Jihad Azour's visit comes as Pakistan and the IMF work through key issues on taxes and government spending for the next fiscal year.

The International Monetary Fund’s (IMF) Regional Director for the Middle East and Central Asia, Jihad Azour, is in Pakistan this week to meet with senior government officials, including Prime Minister Shehbaz Sharif and Finance Minister Muhammad Aurangzeb, as the two sides continue negotiations over the country’s budget for the upcoming fiscal year.

According to a news report, the visit, coming shortly after the IMF approved the second tranche of Pakistan’s $7 billion loan program, highlights the ongoing cooperation between Pakistan and the IMF, despite opposition from India. The exact purpose of Azour’s visit remains undisclosed, but it coincides with the IMF staff’s continued discussions with Pakistan on key budget-related issues for fiscal year 2025-26.

One of the major sticking points in the discussions is the IMF’s condition that Pakistan secure parliamentary approval of the new budget in line with the staff agreement, limiting the government’s flexibility in implementing its own agenda. 

Prime Minister Sharif has expressed a desire to provide relief to the salaried class, but the IMF’s strict targets leave little room for such adjustments.

Sources indicate that the IMF has raised concerns over several aspects of the budget, including defense spending and tax targets.
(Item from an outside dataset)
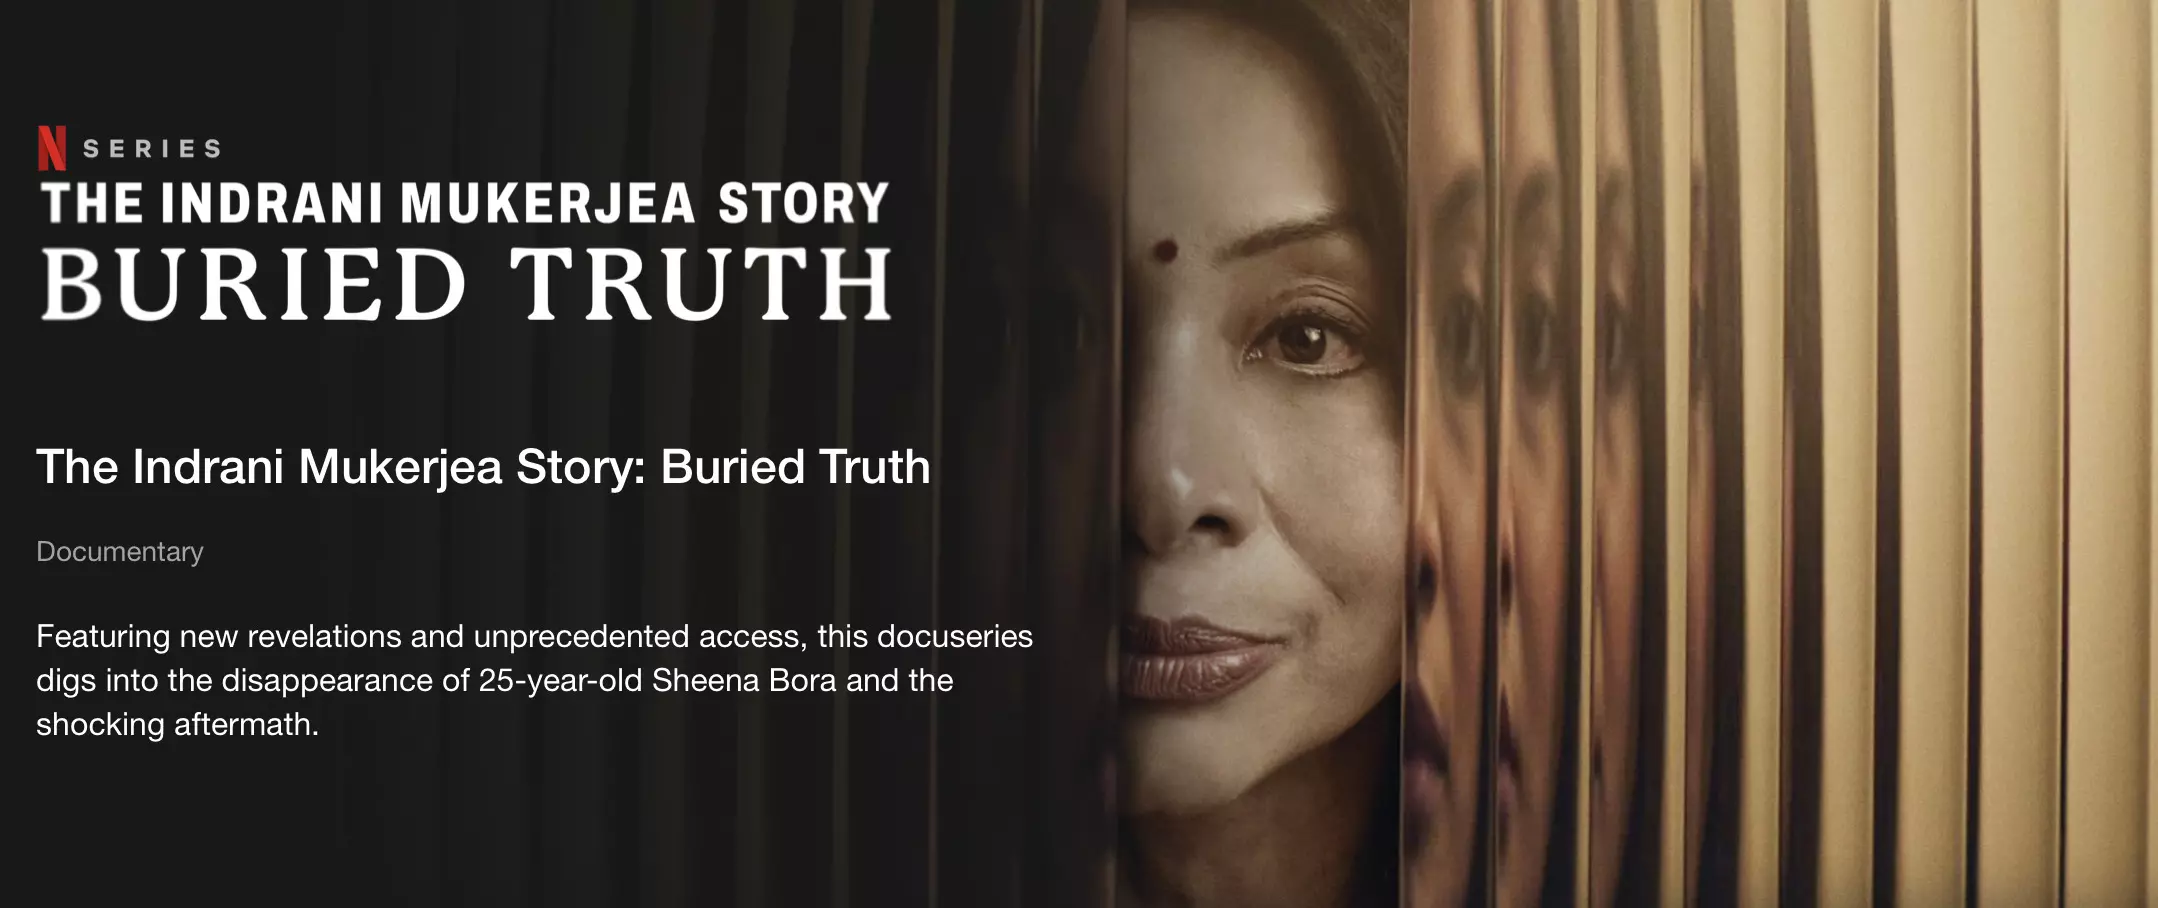 Netflixs The Indrani Mukerjea Story: Buried Truth, streams February 23

The federal government plans to allocate nearly Rs2.504 trillion for defense in the next fiscal year, marking an 18% increase over the current year’s allocation. 

However, the IMF’s staff report indicated a smaller increase in defense spending, at 12%, while some grants and subsidies remain unresolved.

The Federal Board of Revenue (FBR) has also presented its tax proposals, with a target of Rs14.07 trillion for the next fiscal year. This figure is about Rs240 billion lower than the earlier target agreed upon by the IMF and the government. The government is also considering raising the petroleum levy to Rs100 per liter, which could generate over Rs1.3 trillion in non-tax revenue.

Despite these measures, there are concerns about the government’s ability to meet its revenue targets. The FBR’s failure to meet the IMF-set target of Rs36.7 billion from traders under the Tajir Dost Scheme has raised questions about its capacity to deliver on future tax goals.

PM Sharif has emphasized that providing relief to salaried individuals is a priority. While income tax relief and reductions in super tax rates have been proposed, the Prime Minister has indicated that these measures are insufficient, urging tax authorities to provide more substantial relief to workers.

In addition, the government is reviewing its approach to collecting taxes from retailers, with the IMF proposing a new target for the next fiscal year to address shortcomings in the Tajir Dost Scheme. The government and the IMF have agreed on a revised tax collection goal of Rs531 billion from retailers.